Apesar de sugerir uma alternativa de balanceamento da carteira, o chefe de alocação da XP lembra que o universo de fundos imobiliários é extenso e, por isso, tomar as decisões sozinho pode ser uma tarefa difícil, principalmente quando se tem um objetivo de longo prazo. Além da ajuda com o planejamento financeiro e a estratégia de investimento, o ideal é que o investidor possa contar com um profissional para auxiliar na hora de escolher os fundos que vão compor a carteira.

Para Vaz, teses de investimentos que tenham uma demanda independente do mercado também devem estar no radar de quem tem interesse em investir em fundos imobiliários. Um exemplo é o setor residencial que, mesmo recente por aqui, tende a se manter forte mesmo em um momento de crise, dada a necessidade de moradia. Do outro lado, mas com maior cautela, o fundador da Conti Capital compartilha da mesma visão de Sgavioli e aposta no segmento de galpões logísticos.

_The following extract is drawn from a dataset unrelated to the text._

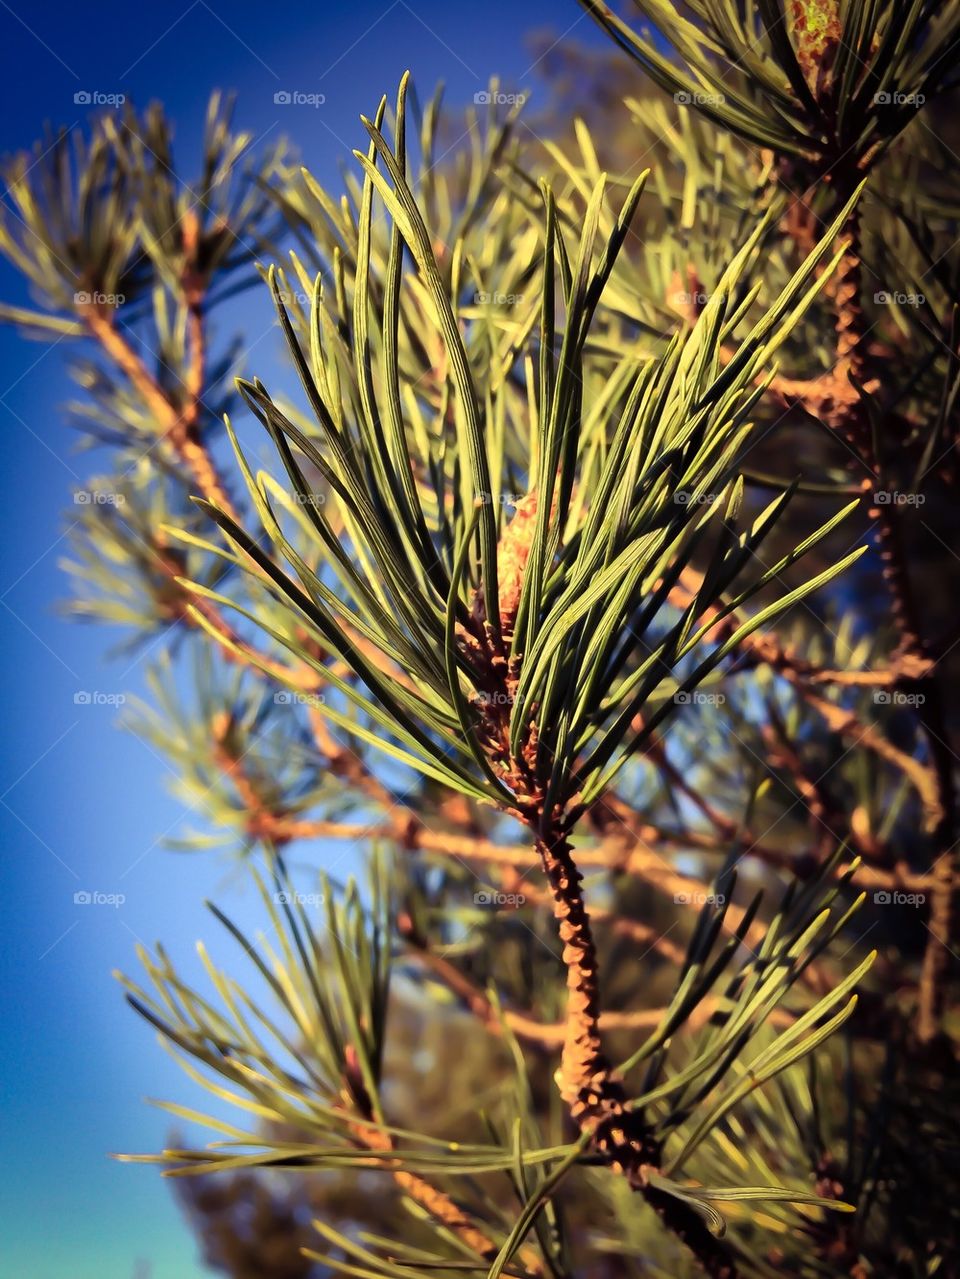 Pine needle

“Outros setores, como hotelaria e lajes corporativas, já acho mais complicado porque oscilam bastante. A pandemia, por exemplo, ninguém imaginava que poderia acontecer, mas provamos do impossível. Agora, imagina que isso se repita no futuro?”, avalia Vaz, que em seguida sugere que o investidor não precisa ter apenas um fundo imobiliário na carteira, mas também não precisa ter dez.

Quem tiver o interesse em diversificar o capital investido para aposentadoria e estiver disposto a olhar para os investimentos lá de fora, o Real Estate Investment Trust (REIT) também pode ser uma opção para o portfólio. O REIT, que influenciou na criação do nosso fundo imobiliário, nasceu nos anos 1960 nos Estados Unidos e corresponde hoje a um mercado de mais de um trilhão de dólares.

“Vale a pena investir em REIT porque o investidor brasileiro passa a ter uma posição a uma moeda estrangeira que independe da economia e da política brasileira”, defende Vaz. Ele complementa que, pelo lado da diversificação geográfica, faz sentido o investidor reservar nem que seja 5% do capital da estratégia de longo prazo para aplicar em REIT.

Apesar de se tratar de um investimento feito no exterior, o investidor que preferir não arcar com as questões tributárias um pouco mais burocráticas de transferir dinheiro lá para fora consegue se expor ao produto internacional por meio de fundos de investimentos. Além deles, também é possível investir por meio de recibos de ações (BDRs) e de fundos de índice (ETFs) na B3, que demandam um valor menor para investir e, por isso, são mais acessíveis ao investidor pequeno.